--- EXTRACTED MATERIAL Enclosed Below ---

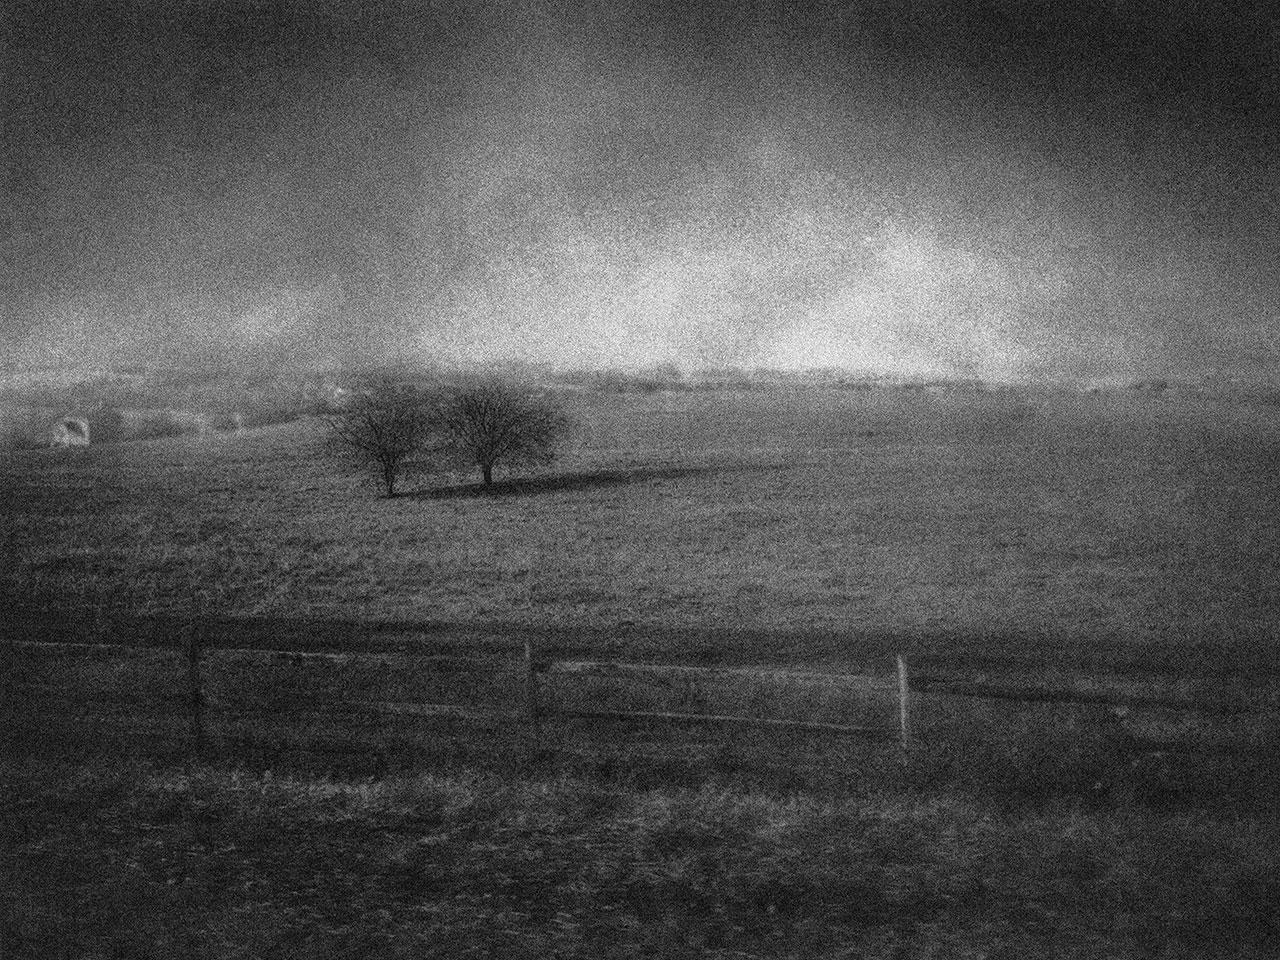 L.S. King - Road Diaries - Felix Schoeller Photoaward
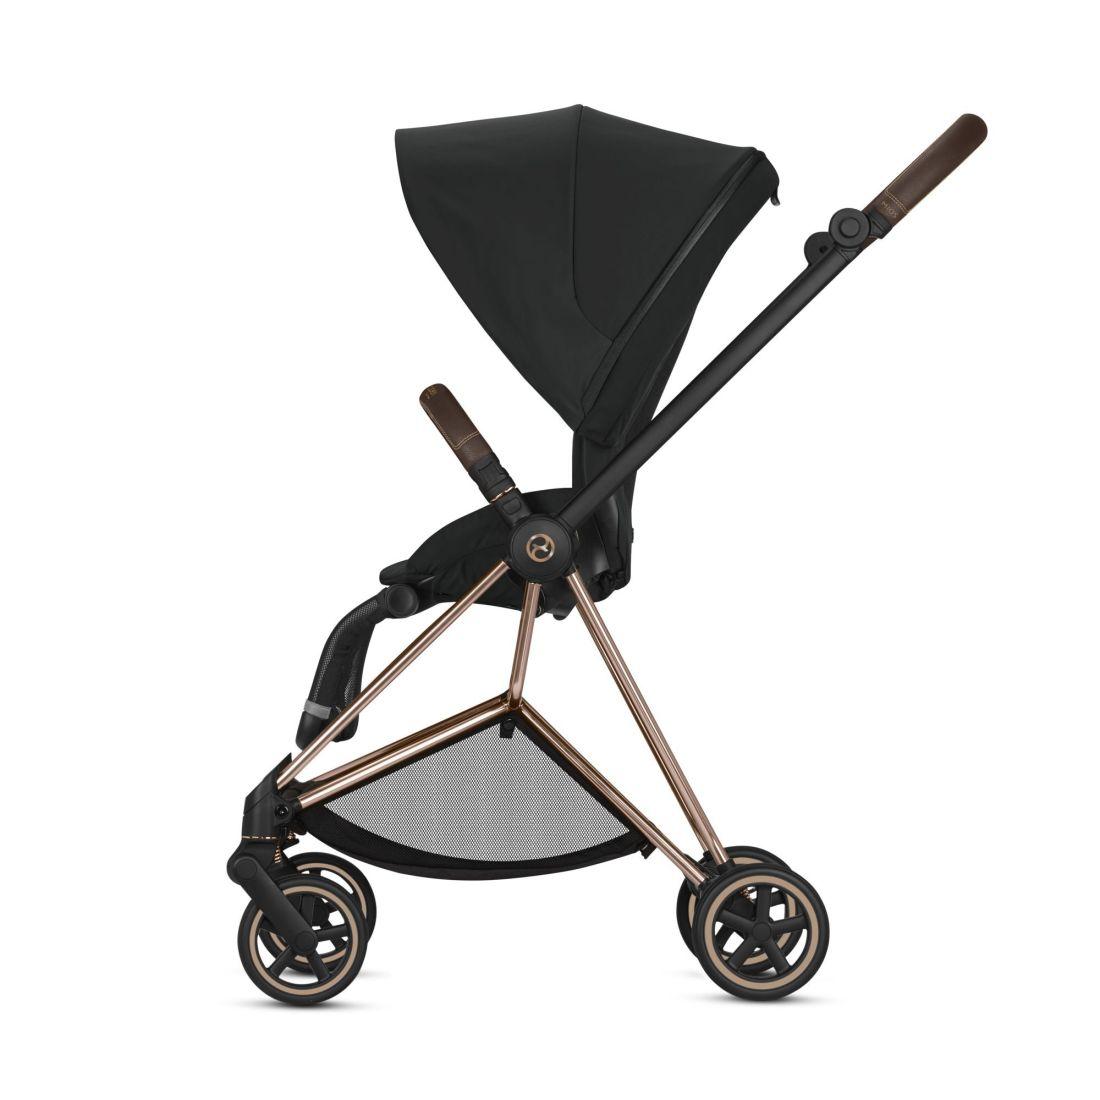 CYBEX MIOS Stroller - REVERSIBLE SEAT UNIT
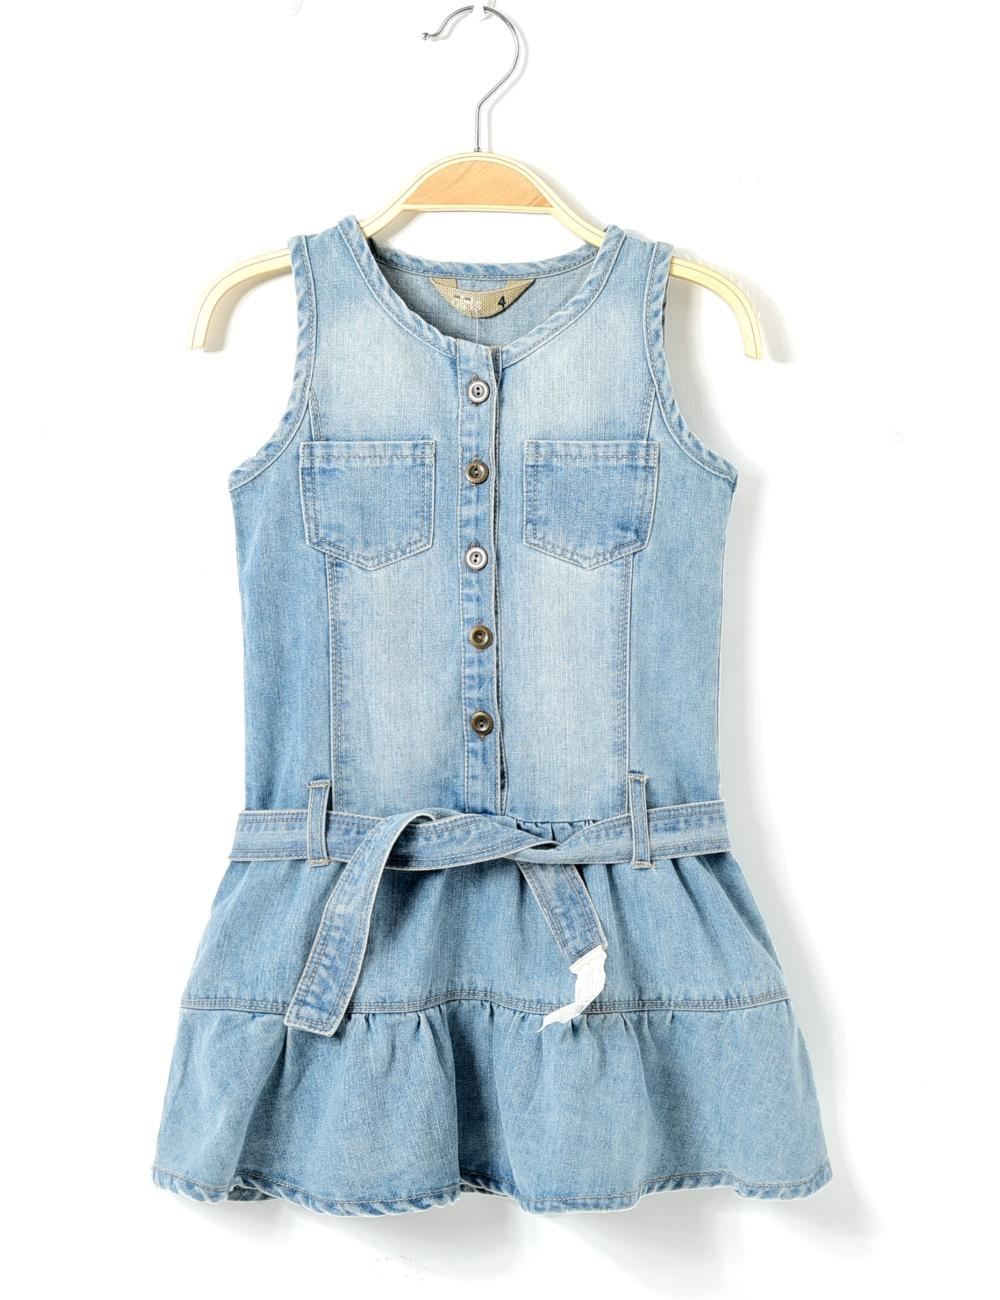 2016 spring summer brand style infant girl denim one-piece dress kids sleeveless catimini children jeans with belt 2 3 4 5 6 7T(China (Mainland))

--- End of Enclosed EXTRACTED MATERIAL ---
--- EXTRACTED MATERIAL Enclosed Below ---

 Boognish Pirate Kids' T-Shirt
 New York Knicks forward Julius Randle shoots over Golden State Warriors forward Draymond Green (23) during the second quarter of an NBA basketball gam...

--- End of Enclosed EXTRACTED MATERIAL ---

EXERCISE → From the records above, copy only the lines running from the line holding "L.S. King - Road" through the line holding "2016 spring summer", with no pictures.

EXERCISE ANSWER →
 L.S. King - Road Diaries - Felix Schoeller Photoaward
 CYBEX MIOS Stroller - REVERSIBLE SEAT UNIT
 2016 spring summer brand style infant girl denim one-piece dress kids sleeveless catimini children jeans with belt 2 3 4 5 6 7T(China (Mainland))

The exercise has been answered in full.